From time immemorial, this land was home to the Squamish and Tsleil-Waututh peoples, where they lived and harvested the waters and land for fish, shellfish, seaweed, berries and plant materials.  The indigenous people have always had a deep, meaningful and respectful connection to the land. When European settlers arrived, they also saw the great potential in the land and logging operations began by the mid-1800s.

image of Horne Bros. Shingle Mill from North Vancouver Museum & Archives

The first sawmill on the inlet opened in 1865 at the mouth of Lynn Creek, and many others followed.  In the area where waterfront park is today, the Horne Brothers Shingle Mill operated from the early 1900s until the late 1960s.  When the mill closed, Roy Horne, the last in the family to run the operation, purchased Paine Hardware and operated that former North Vancouver landmark until 1977.

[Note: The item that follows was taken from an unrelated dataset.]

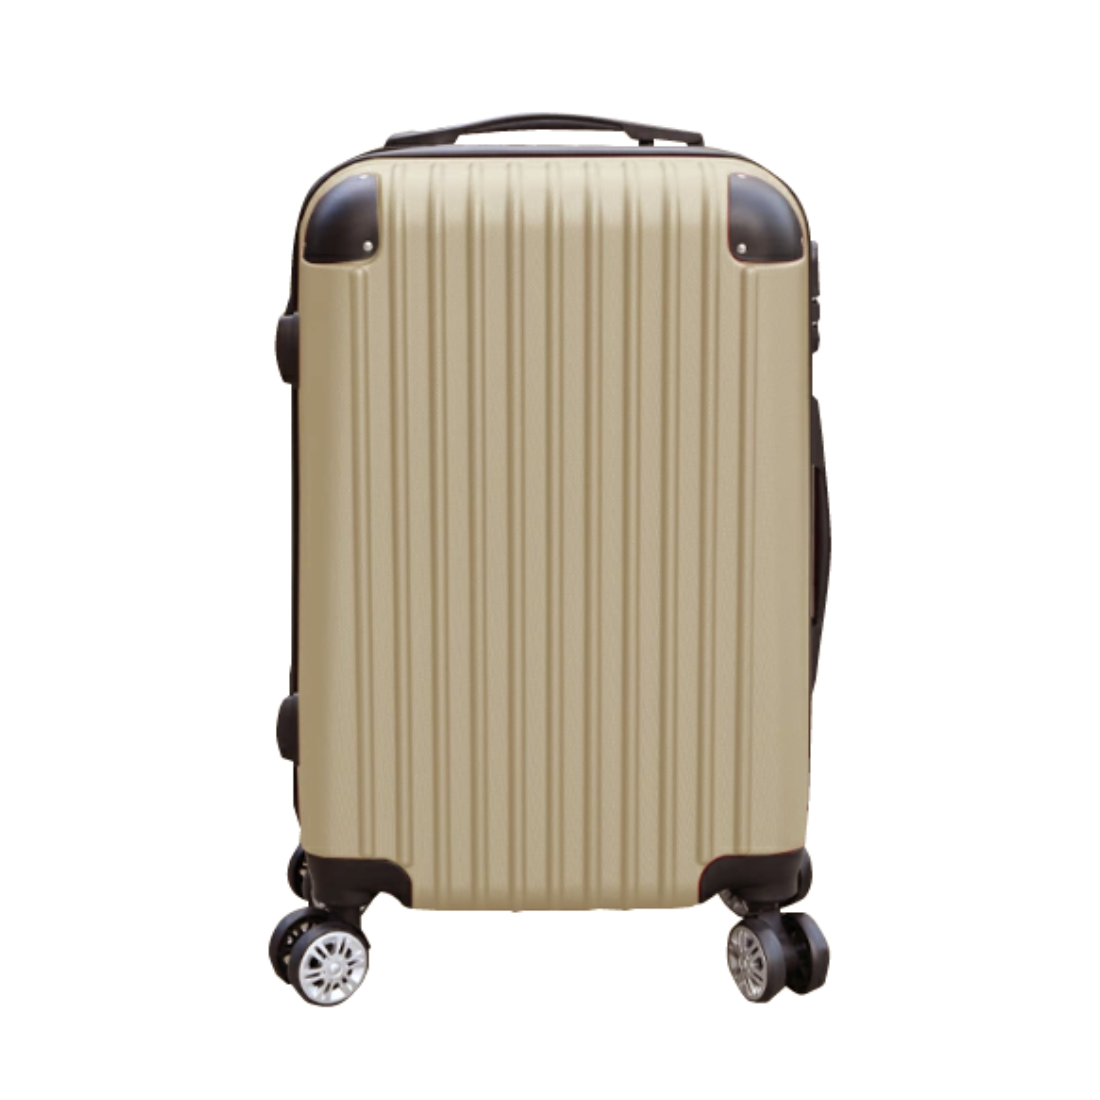 スーツケース Lサイズ 軽量 キャリー 旅行カバン ダブル キャスター

Horne Bros. Shingle Mill with Vancouver in background, photo taken by David Davies May 1965, Northern BC Archives 2013.

After the mill operation closed, the area was redeveloped into a park, ready to greet visitors to the North Shore during Expo 86, with Lonsdale Quay adjacent, opening in 1985.

Waterfront Park quickly became an excellent vantage poin for taking in the Vancouver skylinetMore recently, Waterfront Park is the part of the Spirit Trail that connects the Squamish Nation waterfront to Lonsdale Quay.

Already in 1983, the North Vancouver Community Arts Council identified the “the addition of a major sculpture at the Lonsdale Quay Waterfront Park will contribute greatly to the emergence of the North Shore as a vital cultural and heritage area” (NSNews, 14Dec 1983)


Since the park was established, it has become a favourite site for strolling, picknicking and large and small scale events throughout the year, such as the annual Canada Day celebrations, Philippine Days Festival (pictured here), Caribbean Days Festival, the Father’s Day French & Italian car show, and in 2017, ART+PLACE!